Discussion:
Zenoss - Ping Data source problem
Stefan Reinke
2013-09-03 10:21:02 UTC
Permalink
Stefan Reinke [http://community.zenoss.org/people/Stefan] created the discussion

"Zenoss - Ping Data source problem"

To view the discussion, visit: http://community.zenoss.org/message/74541#74541

--------------------------------------------------------------
Hi,

We are busy with a project where we want to monitor latency for our devices under the Ping Class group using the default ping data source provided in Zenoss V4.

The problem is that most of our devices are using a 3G connection, where the first ping (icmp packet) from Zenoss only opens the connection to the device and gives a very inaccurate/bad latency (>2000ms). We can see three pings to the device from zenoss itself using tcpdump. We are assuming the first ping is the start of a new cycle from Zenhub, where Zenoss itself sends a ICMP packet to the device to see if it's down or UP (Which it will then create an event for). Then we assume the next two pings are coming from the Ping data source. The data source probably sends two pings to make sure there is a data entry made for the average rtt.
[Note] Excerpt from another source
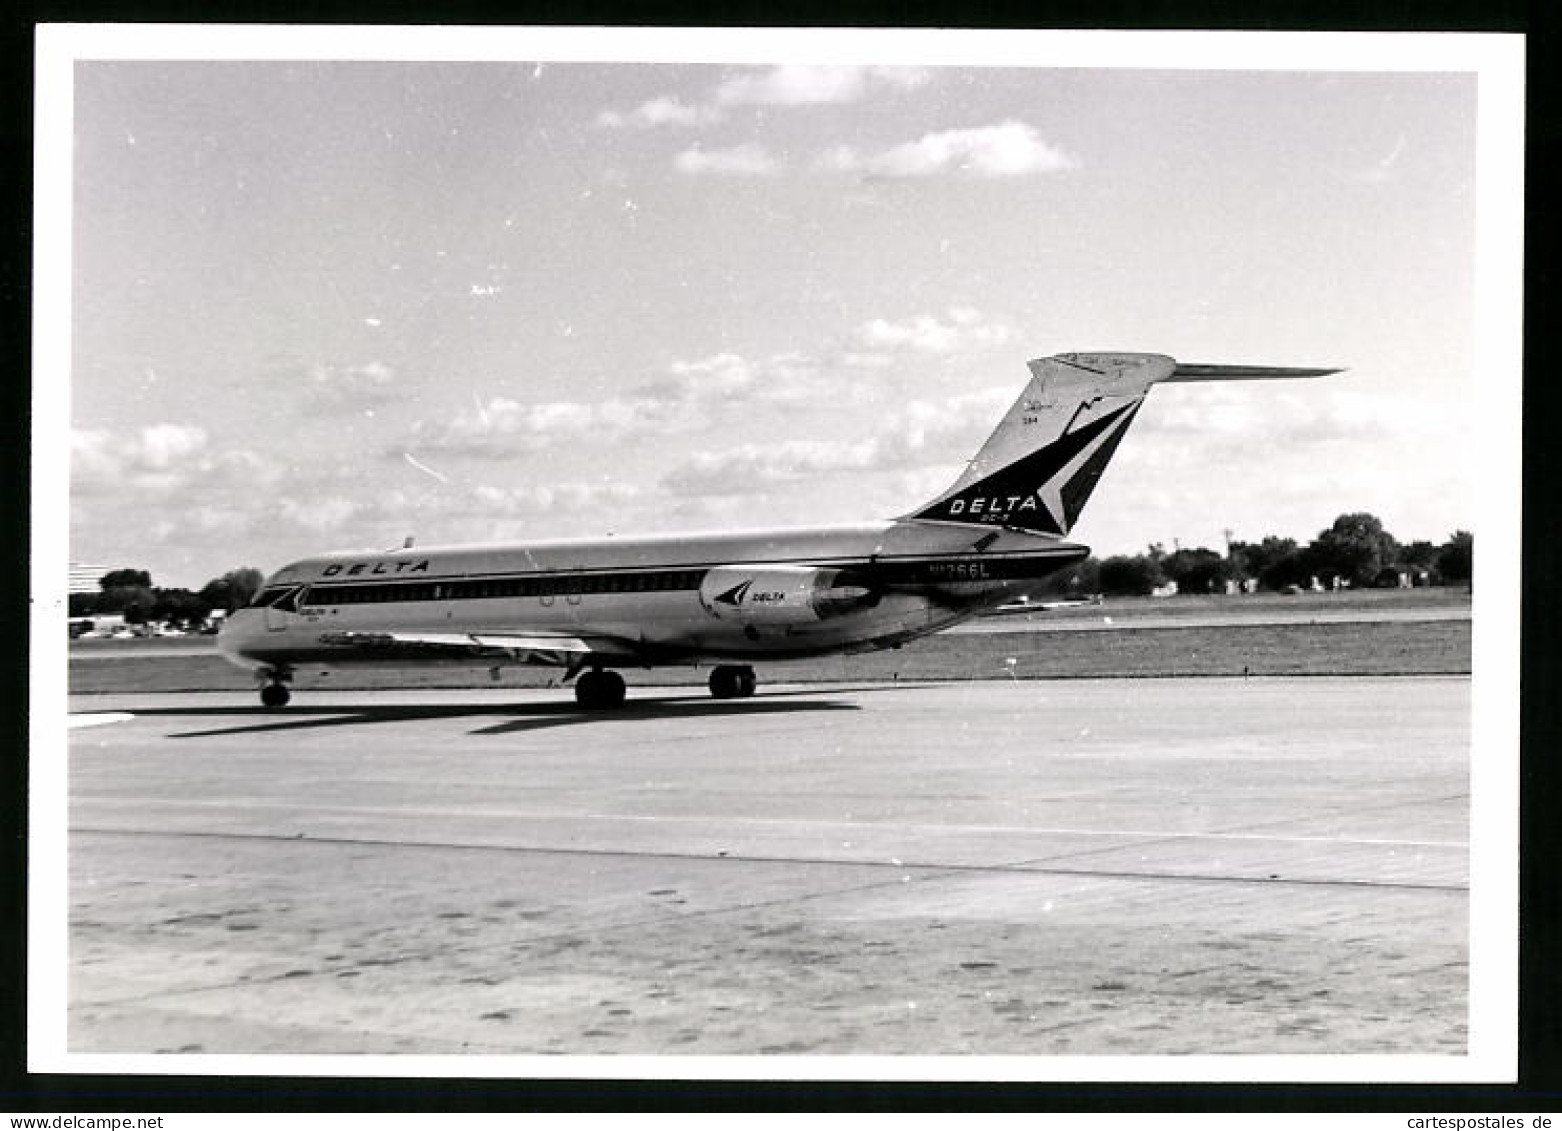 Fotografie Flugzeug Douglas DC-9, Passagierflugzeug Der Delta Airlines, Kennung N1266L  - Aviation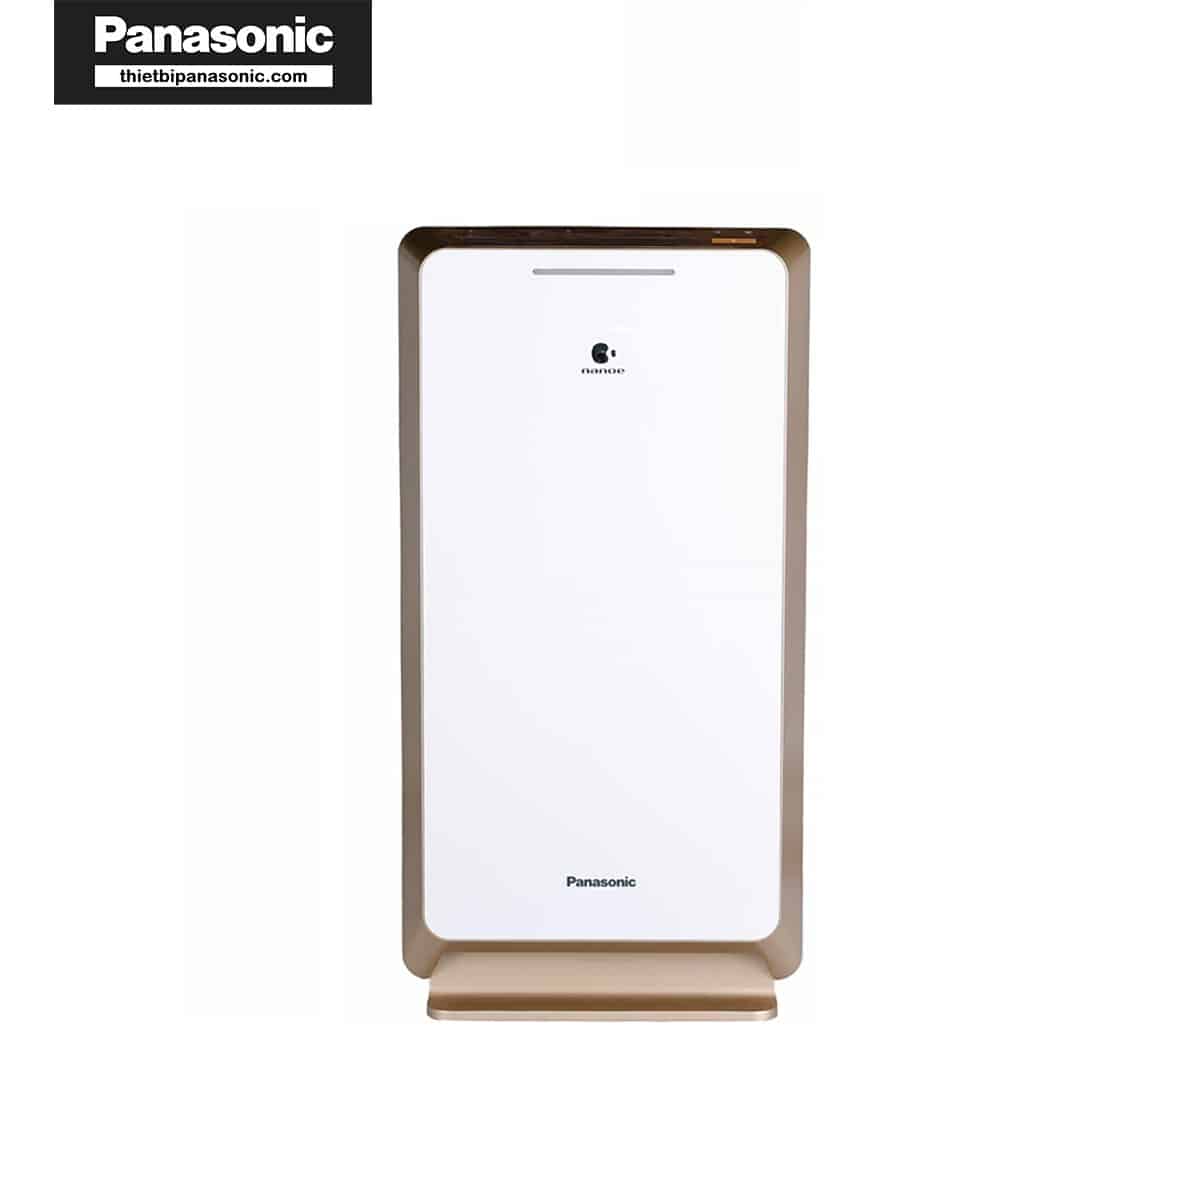 Máy lọc không khí Panasonic F-PXM55A sử dụng phù hợp với màng lọc khử mùi Panasonic

The problem is, the two pings from the data source are 25-45 seconds apart from each other so we still get the high/inaccurate latency from where a connection is opened from the server to the device. We have tried looking into ways to decrease this amount, but we haven't been successful. What we are assuming (Yes, once again) the data source pings all the devices under the /Device/Ping group from the first device to the last one (We have about 1450 devices under the ping group) and then starts over for the second ping interval.

We have tried the following:

1. Tried to change the number of pings per cycle to 1,2,3,4,5 in the ping data source. Doesn't seem to have any affect in the amount if pings it sends.
2. Changing the parallel jobs from 10 to 20. Which doesn't help, I think these configuration settings don't apply to the ping data source?
3. Changed the pings to send in flight from 75 to 200. Same as above.

We can't find any documentation on the zenping data source.So any input/help or insight would be appreciated.

Server specifications:

CPU: Intel(R) Xeon(R) CPU E5640  @ 2.67GHz (4 Cores, 8 Threads)
RAM: 12GB
HDD: 2 X 250GB HDD's 10K in raid 1
Zenoss version: 4.2.0

Thanks :)
--------------------------------------------------------------

Reply to this message by replying to this email -or- go to the discussion on Zenoss Community
[http://community.zenoss.org/message/74541#74541]

Start a new discussion in zenoss-users at Zenoss Community
[http://community.zenoss.org/choose-container!input.jspa?contentType=1&containerType=14&container=2003]
hydruid
2013-09-12 18:20:25 UTC
Permalink
hydruid [http://community.zenoss.org/people/hydruid] created the discussion

"Re: Zenoss - Ping Data source problem"

To view the discussion, visit: http://community.zenoss.org/message/74623#74623

--------------------------------------------------------------
I'm not 100% sure this will help, but it's something you could try.

Modify the zenping daemon and set this value: starttimeout=30

starttimeout is defined as "Wait seconds for initial heartbeat"

Let me know if that helps!
--------------------------------------------------------------

Reply to this message by replying to this email -or- go to the discussion on Zenoss Community
[http://community.zenoss.org/message/74623#74623]

Start a new discussion in zenoss-users at Zenoss Community
[http://community.zenoss.org/choose-container!input.jspa?contentType=1&containerType=14&container=2003]
Stefan Reinke
2013-09-19 12:24:35 UTC
Permalink
Stefan Reinke [http://community.zenoss.org/people/Stefan] created the discussion

"Re: Zenoss - Ping Data source problem"

To view the discussion, visit: http://community.zenoss.org/message/74704#74704

--------------------------------------------------------------
Hi,

Thanks for the response. I have made the change, but I am still seeing these huge gaps (30-50 seconds) between the ICMP packets.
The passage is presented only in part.